[[ Dataset open ]]

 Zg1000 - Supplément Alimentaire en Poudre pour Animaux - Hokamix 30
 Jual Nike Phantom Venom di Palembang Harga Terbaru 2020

[[ Dataset closed ]]
[[ Dataset open ]]

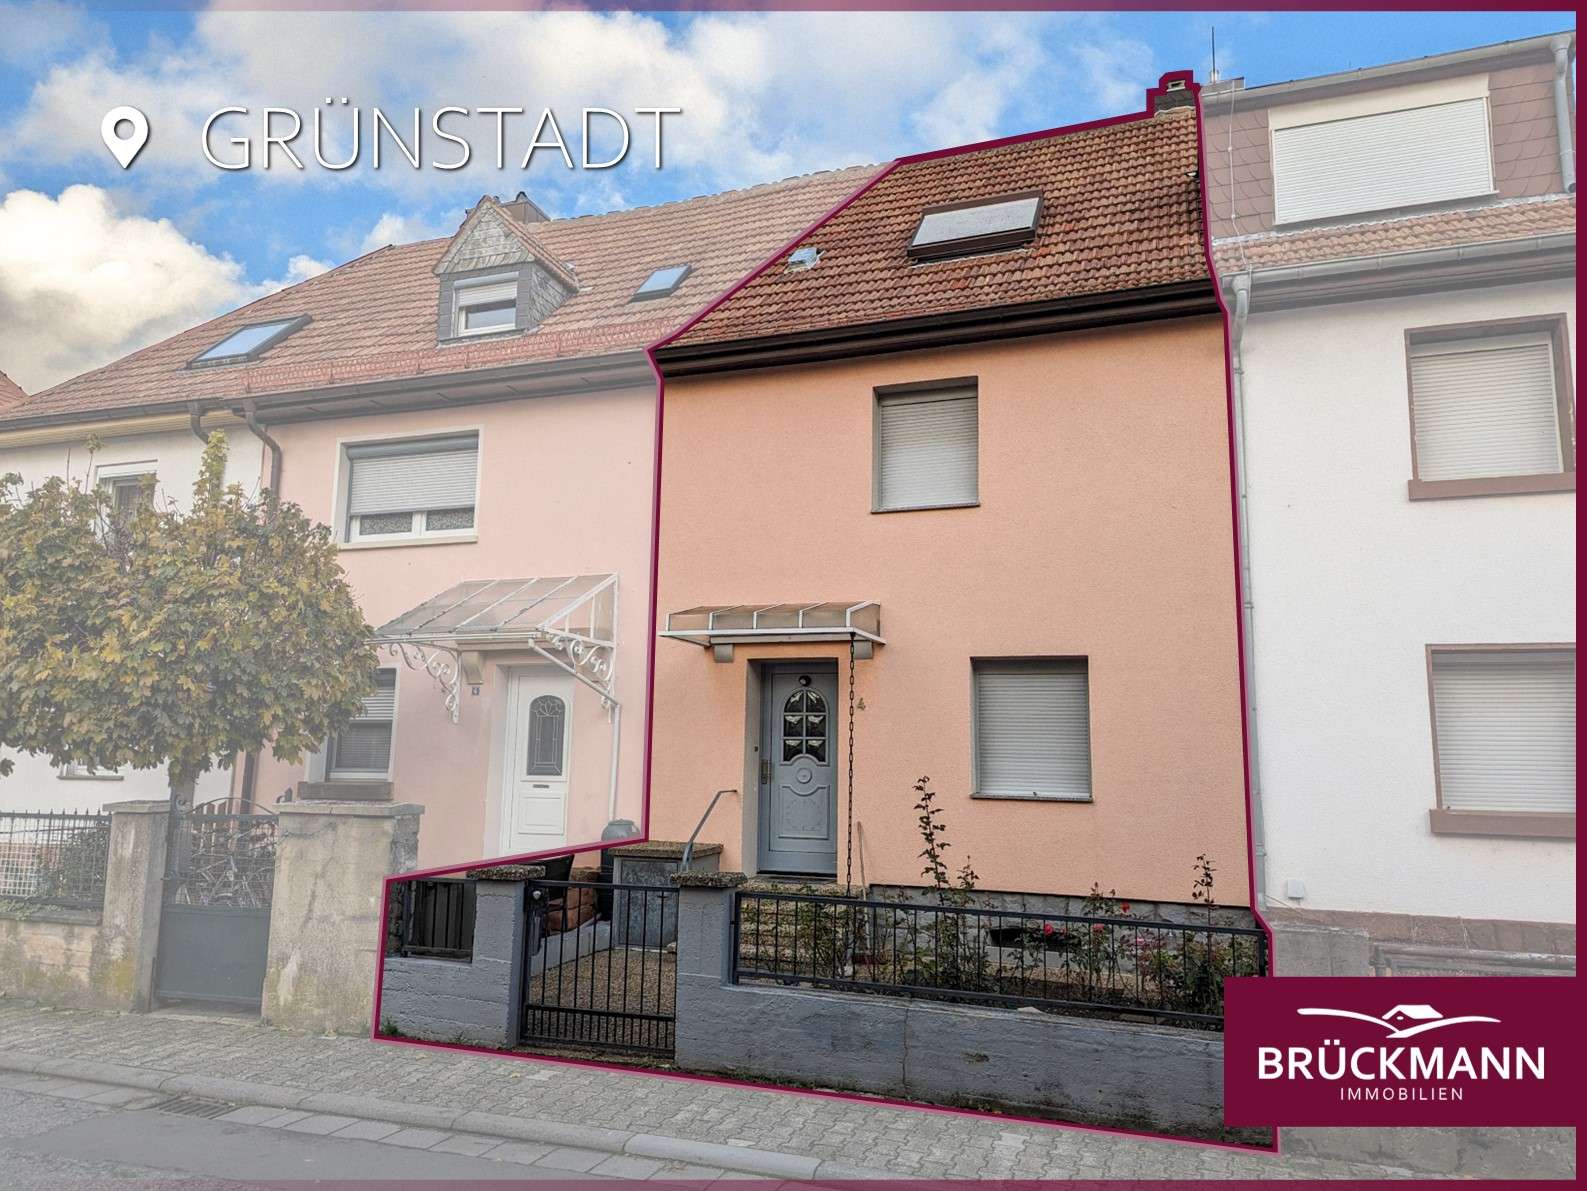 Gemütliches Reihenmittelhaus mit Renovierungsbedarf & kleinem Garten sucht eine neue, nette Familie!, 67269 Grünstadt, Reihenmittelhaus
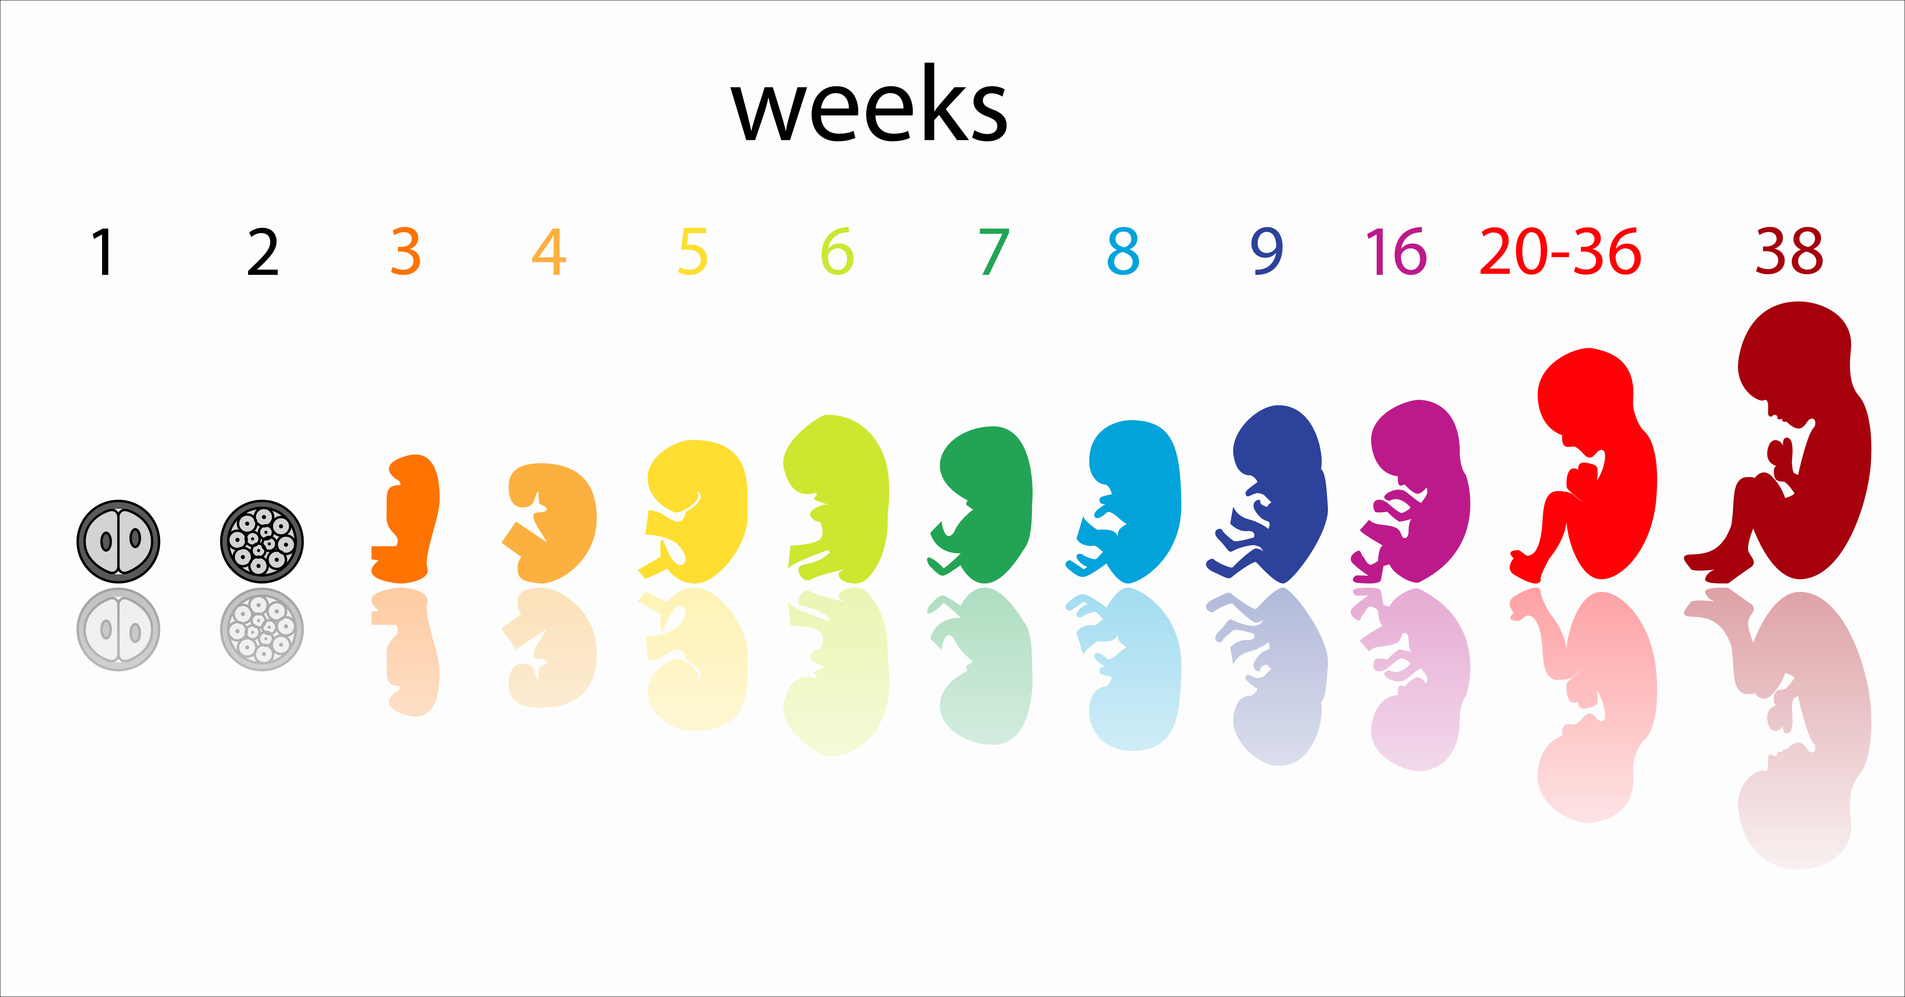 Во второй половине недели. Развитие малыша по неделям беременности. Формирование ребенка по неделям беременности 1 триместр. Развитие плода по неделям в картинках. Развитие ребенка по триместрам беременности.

[[ Dataset closed ]]

◆ **Goal of the exercise**
In the listing above, find the line with "Gemütliches Reihenmittelhaus mit" and output every line through the one with "Во второй половине", exactly, without the pictures.

◆ **Exercise result**
 Gemütliches Reihenmittelhaus mit Renovierungsbedarf & kleinem Garten sucht eine neue, nette Familie!, 67269 Grünstadt, Reihenmittelhaus
 Во второй половине недели. Развитие малыша по неделям беременности. Формирование ребенка по неделям беременности 1 триместр. Развитие плода по неделям в картинках. Развитие ребенка по триместрам беременности.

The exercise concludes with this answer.